Wednesday, April 27, 2011

My Daily Bread

If you ever visit Maastricht (or anywhere else in the Netherlands, for that matter) one thing you will probably notice right away is that the Dutch love their bread (brood, pronounced with a short “oh” not a long “oo”). No low carb diets here: sandwiches (broodjes) of cold cuts and cheese are a prominent feature on lunch menus, and there’s practically a bakery on every corner. Which makes sense, seeing as the southern provinces of Zeeland and Limburg (where Maastricht is located) are traditionally the best grain-growing regions of the country. Bakeries typically stock the usual kinds of bread you’d find in the United States and other Western European countries: white (wittebrood), whole wheat (volkorenbrood), rye (roggebrood), etc., along with baguettes, various seeded and multigrain varieties, and rolls (and pastries of course!). You can buy just a portion of a loaf if you don’t want a whole one (very convenient for two-person households), and the baker will use a nifty machine to slice it for you at no extra cost.

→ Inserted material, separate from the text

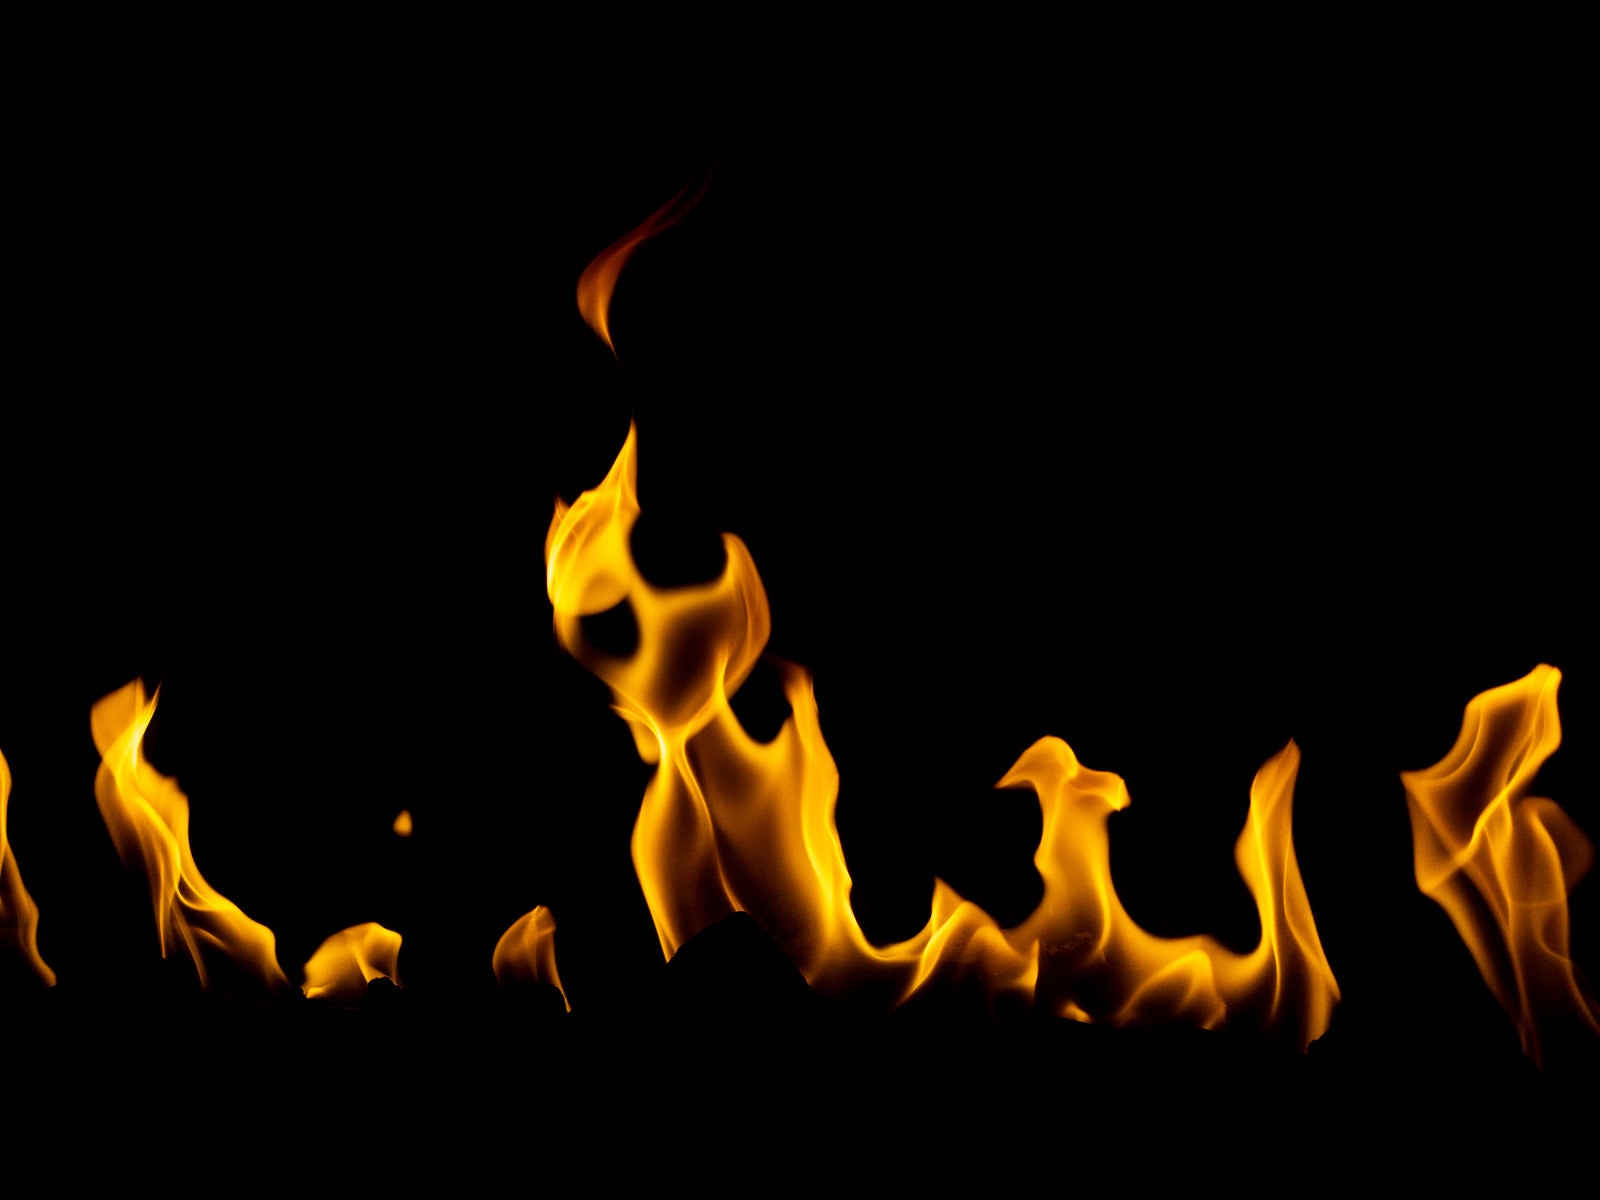 「ゆらゆらと燃える炎」の写真

I’ve made the rounds of almost every bakery within walking distance of our apartment, on both sides of the river, and I’ve tried a number of breads and sweets from a bunch of different places. I like to go to shops where it seems as if the bread is baked onsite (a lot of specialty shops that sell gourmet breads, cheeses, spreads and things outsource their loaves from a bakery, which doesn’t make them any less quality, it’s just fun to shop onsite while I have the chance. How often do you run into an actual bread bakery in the States, after all?).

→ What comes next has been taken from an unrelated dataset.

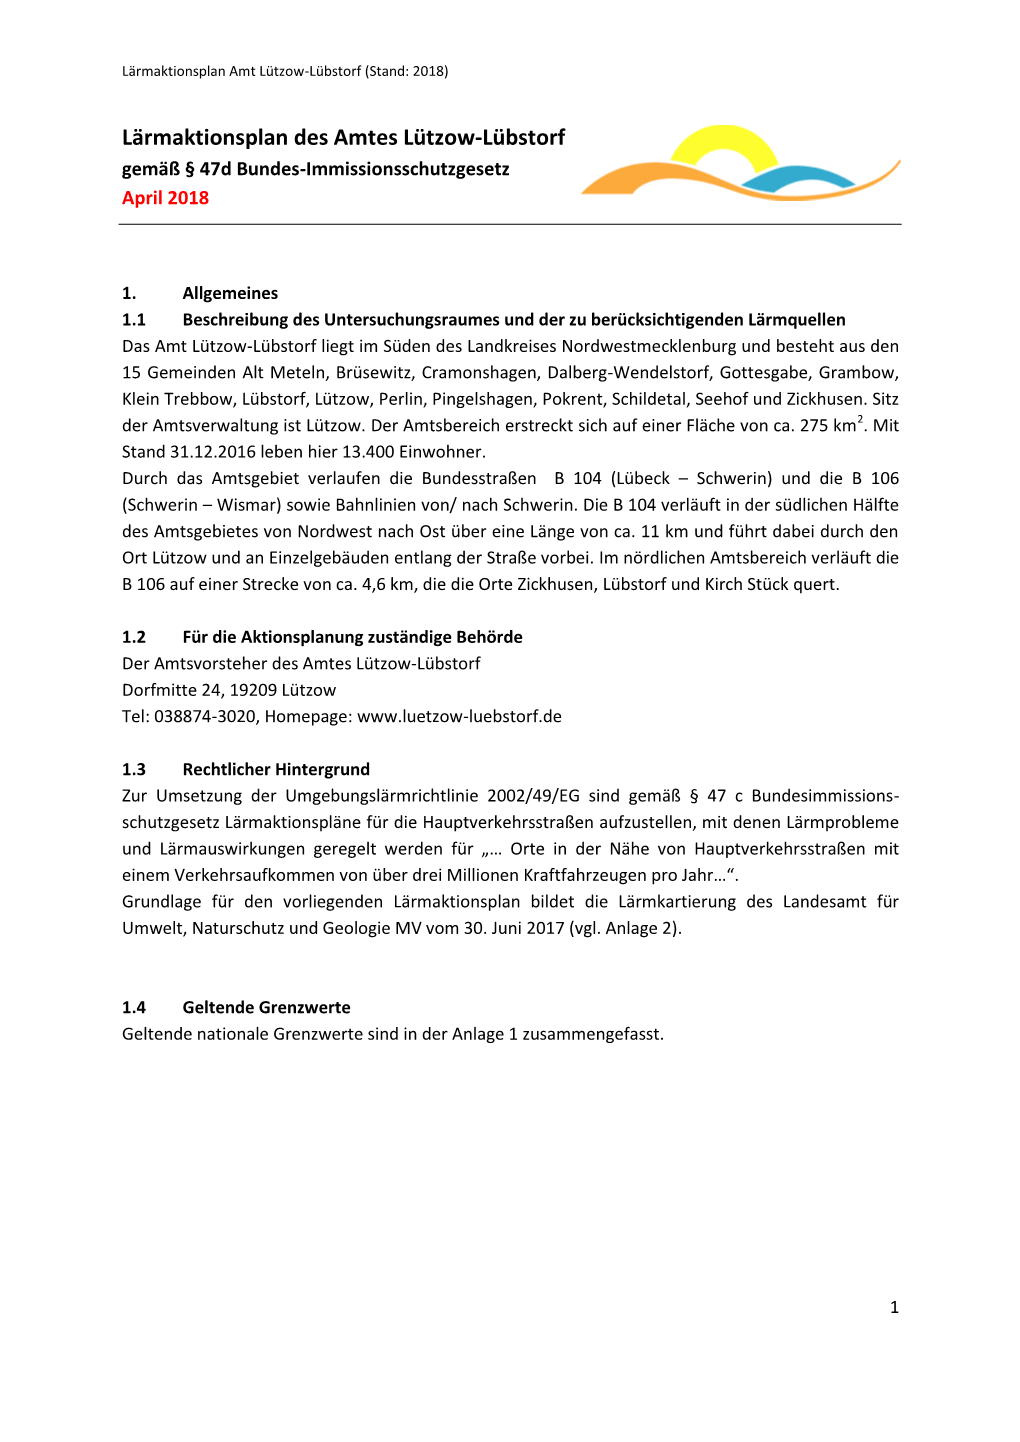 Lärmaktionsplan Des Amtes Lützow-Lübstorf Gemäß § 47D Bundes-Immissionsschutzgesetz April 2018

Luckily I don’t have to go far; there is a bakery right next door to us called De Bisschopsmolen, “The Bishop’s Mill,” that doesn’t just make their own bread, they make their own flour for the bread as well. It’s a traditional working water mill, the oldest in the country, dating from the 7th century (I don’t think the building and mill there now are original; I think those are from the 1700s, and are definitely restored. I’m working primarily from the mill’s Dutch website translated using Google, so you never know). They get most of their grain from local farmers, and deliver some of their milled grain to the Gulpener brewery, makers of Korenwolf hamster beer!

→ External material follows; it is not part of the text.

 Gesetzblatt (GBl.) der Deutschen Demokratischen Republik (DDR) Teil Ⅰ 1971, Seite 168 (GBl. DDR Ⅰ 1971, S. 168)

As for their bread products, the Bishop’s Mill is distinctive because they use Kollenberger spelt, a traditional medieval grain. Their bread is soft and light and very flavorful. In addition to the typical wheat breads and rolls, they also produce specialty breads with ingredients like yogurt, nuts, honey and beer (Gulpener, of course); savory products like sausage rolls and pizza-type things (a lot of their ingredients, if not local, seem to come from Spain); and, of course, sweets like cookies, cakes, and the famous Limburg specialty, vlaai (see photo above). Vlaai translates roughly to “flan,” but it’s actually a pie, similar to an American-style pie but flatter, if that makes sense. They can be large or individually-sized, with three main varieties: fruit fillings (apricot* and cherry seem to be particularly popular) with a lattice crust sprinkled with pearl sugar; vanilla custard with a crumb topping (kruimelvlaai); or a kind of rice pudding (rijstevlaai).  

*I can recommend this one! Though the crust is a bit chewy compared to the flaky, shatter-at-the-touch of a fork quality many Americans associate with pie crust. According to The Dutch Table, this is because it’s made with a yeast dough rather than a pastry one.

These things are all available to go, of course, but there is also a little café located in the rooms between the mill itself and the retail counter where you can sit down to lunch on some of their products. I haven’t eaten there yet, but I imagine it would be pretty cool to know that what you are eating was literally produced right next door. The tourists certainly seem to enjoy it; there are often hordes of them taking tours through the mill (which apparently offers workshops as well) and eating in the café on weekends. Oh well, one of the perils of living in the heart of a medieval city, I guess.